The final result looks like this (a single sub attacks a large convoy):
WP 1 - C2
Sub Rating Tonnage Table Skipper DRM
2-1-2 [0, 0, 0, 0, 0, 0, 0, 2, 5, 9, 10, 14, 17] +0, +2, +3
3-3-2 [0, 0, 0, 0, 0, 0, 2, 5, 7, 10, 11, 15, 18] +0, +2, +3
4-2-3 [0, 0, 0, 0, 0, 1, 4, 6, 9, 12, 14, 18, 21] +0, +2, +3
5-3-3 [0, 0, 0, 1, 5, 7, 9, 12, 14, 20, 22, 25, 31, 35] +0, +3, +4
-------------------------------------------------------------------------------
Sub Rating Ships Sunk Table Skipper DRM
2-1-2 [0, 0, 0, 0, 0, 0, 0, 1, 1, 1, 1, 1, 1] +0, +2, +3
3-3-2 [0, 0, 0, 0, 0, 0, 1, 1, 1, 1, 1, 1, 1] +0, +2, +3
4-2-3 [0, 0, 0, 0, 0, 0, 1, 1, 1, 1, 1, 1, 1, 1] +0, +3, +4
5-3-3 [0, 0, 0, 0, 1, 1, 2, 2, 2, 3, 3, 3, 4, 4] +0, +3, +4
Sub Rating Spotted RTB Damaged Sunk Promoted
2-1-2 +0 [0-1] 2+[0-3] [0-1] 0+[0-2] 9+[0-3]
+1 3+[0-8] 2+[0-4] 1+[0-8] 0+[0-3] 9+[0-4]
+2 3+[0-3] 2+[0-3] 1+[0-3] 0+[0-2]
3-3-2 +0 3+[0-4] 2+[0-2] 1+[0-4] 0+[0-2] 9+[0-2]
+1 3+[0-2] 2+[0-3] 1+[0-2] 0+[0-2] 9+[0-3]
+2 3+[0-1] 2+[0-2] 1+[0-1] 0+[0-1]
4-2-3 +0 3+[0-8] 2+[0-4] 1+[0-8] 0+[0-2] 9+[0-4]
+1 3+[0-5] 2+[0-6] 1+[0-5] 0+[0-3] 9+[0-6]
+2 3+[0-2] 2+[0-4] 1+[0-2] 0+[0-2]
5-3-3 +0 3+[0-4] 2+[0-3] 1+[0-4] 0+[0-1] 9+[0-3]
+1 3+[0-3] 2+[0-4] 1+[0-3] 0+[0-2] 9+[0-4]
+2 3+[0-2] 2+[0-2] 1+[0-2] 0+[0-1]
-------------------------------------------------------------------------------
The primary two tables on top describe both tonnage as well as ships sunk. Note that for some tonnages there might be '0' ships sunk due to the underlying statistics. Both tables should ideally combined when importing the data in a layout program or other graphical editor. A result is obtained by rolling a single D10 and modifying it with the elite skipper DRM found on the same line. Note that a +1 elite skipper might have a DRM larger than 1! The values are sorted from 0 on the left to 10 and more on the right.
The lower third contains the combat effect on the submarine with effects from spotted to sunk. The notation either gives a die roll range (like [0-1]) or a range after rolling a single die (eg roll a 3 + roll within [0-4]).
To use the tables roll 2D10, ideally differently colored. The first roll is used with the skipper DRM to find the tonnage sunk. The same roll is then used on the second table to find the number of ships sunk. Finally, if the first roll is an unmodified 0,1,2,3 or 9 find the result of the combat on the table below by comparing the second die roll to the given range.
For example, a 4-2-3 sub with a +1 skipper attacks a large convoy. Two D10 are rolled for 3 and 8. The first table results in 0 tons sunk (4-2-3 row at 3+2), same goes for the second table (4-2-3 row at 3+3). Next, the unmodified 3 might result in the sub becoming spotted but the second roll of 8 is outside the range of [0-5] of this roll.

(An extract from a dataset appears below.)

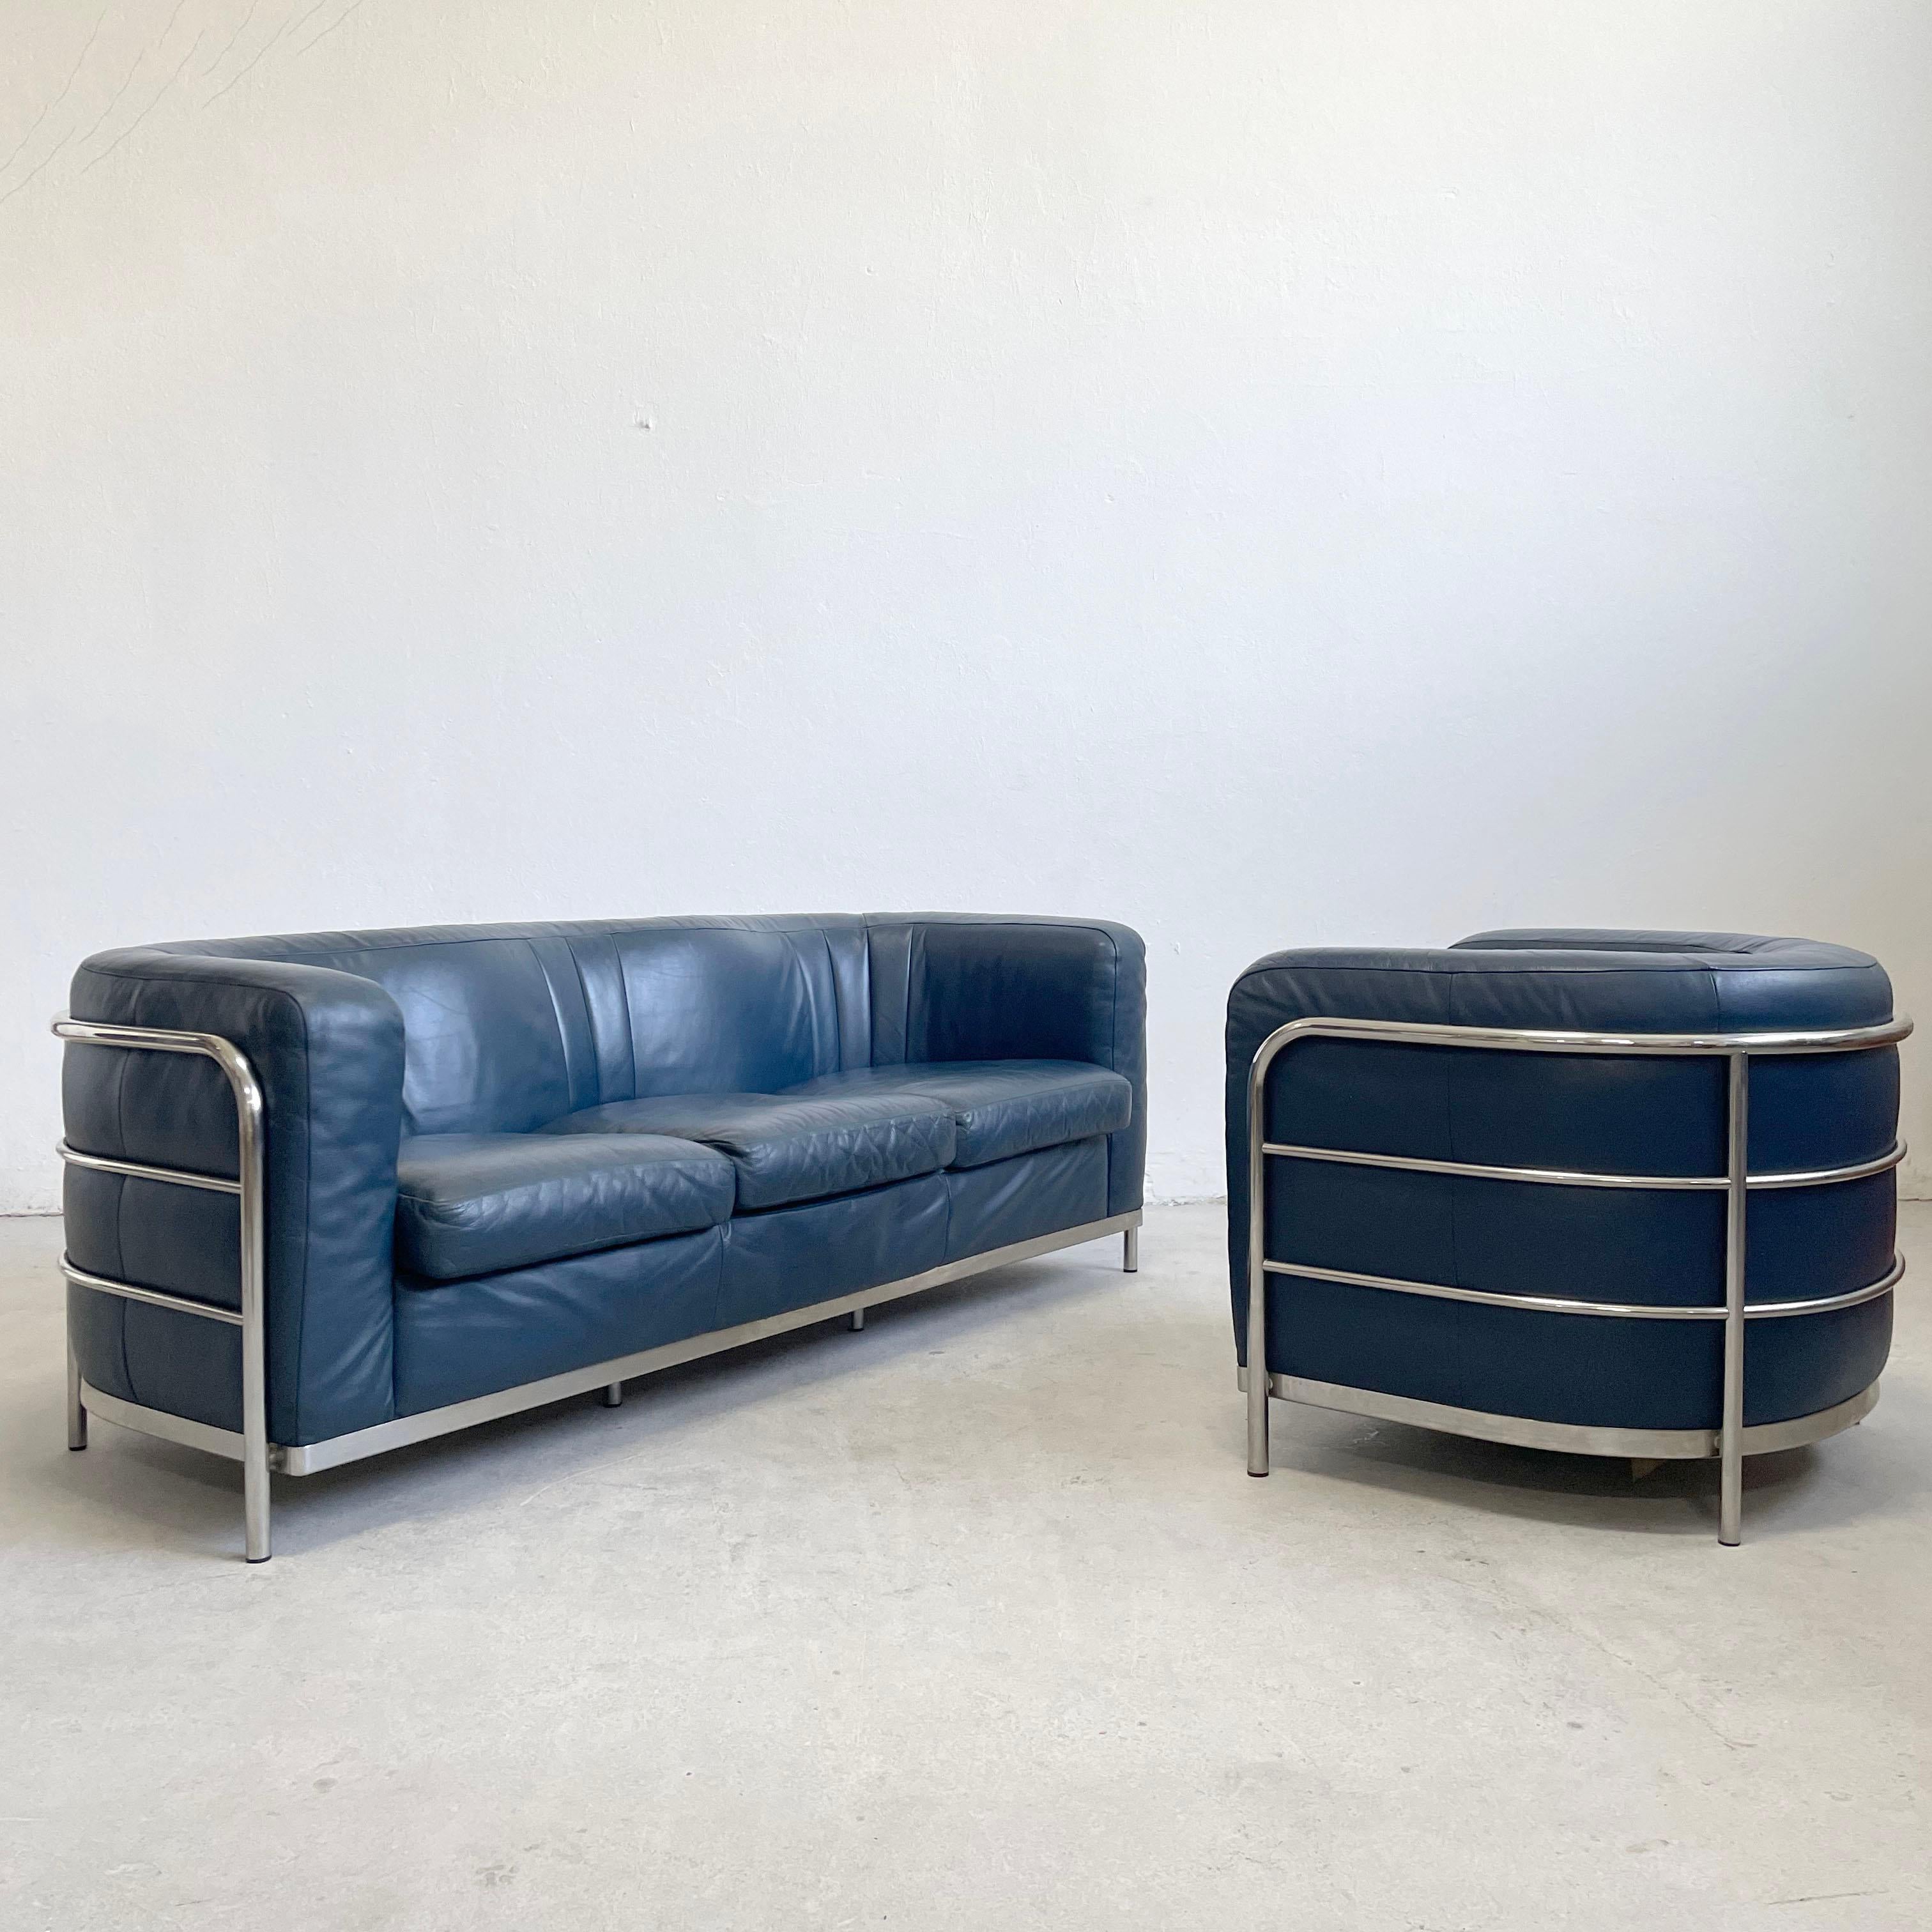 De Pas, D'Urbino und Lomazzi für Zanotta, Wohnzimmergarnitur bestehend aus einem Sofa und einem Sessel, Modell 'Onda', blaues Leder, Chrom, Italien, 1985

Abgerundetes und geschwungenes Sofa

This format can then be easily transformed into nicer looking graphical tables.
The current version of the simulator consist of multipple python scripts that grew beyond the comfort of a simple, single-file script. The next version should be a conversion to Javascript which then can be embedded into a website. This will have the advantage that the combat resolver can be called from any browser (think cellphone, tablet) during an actual game, similar to a very involved die rolling app.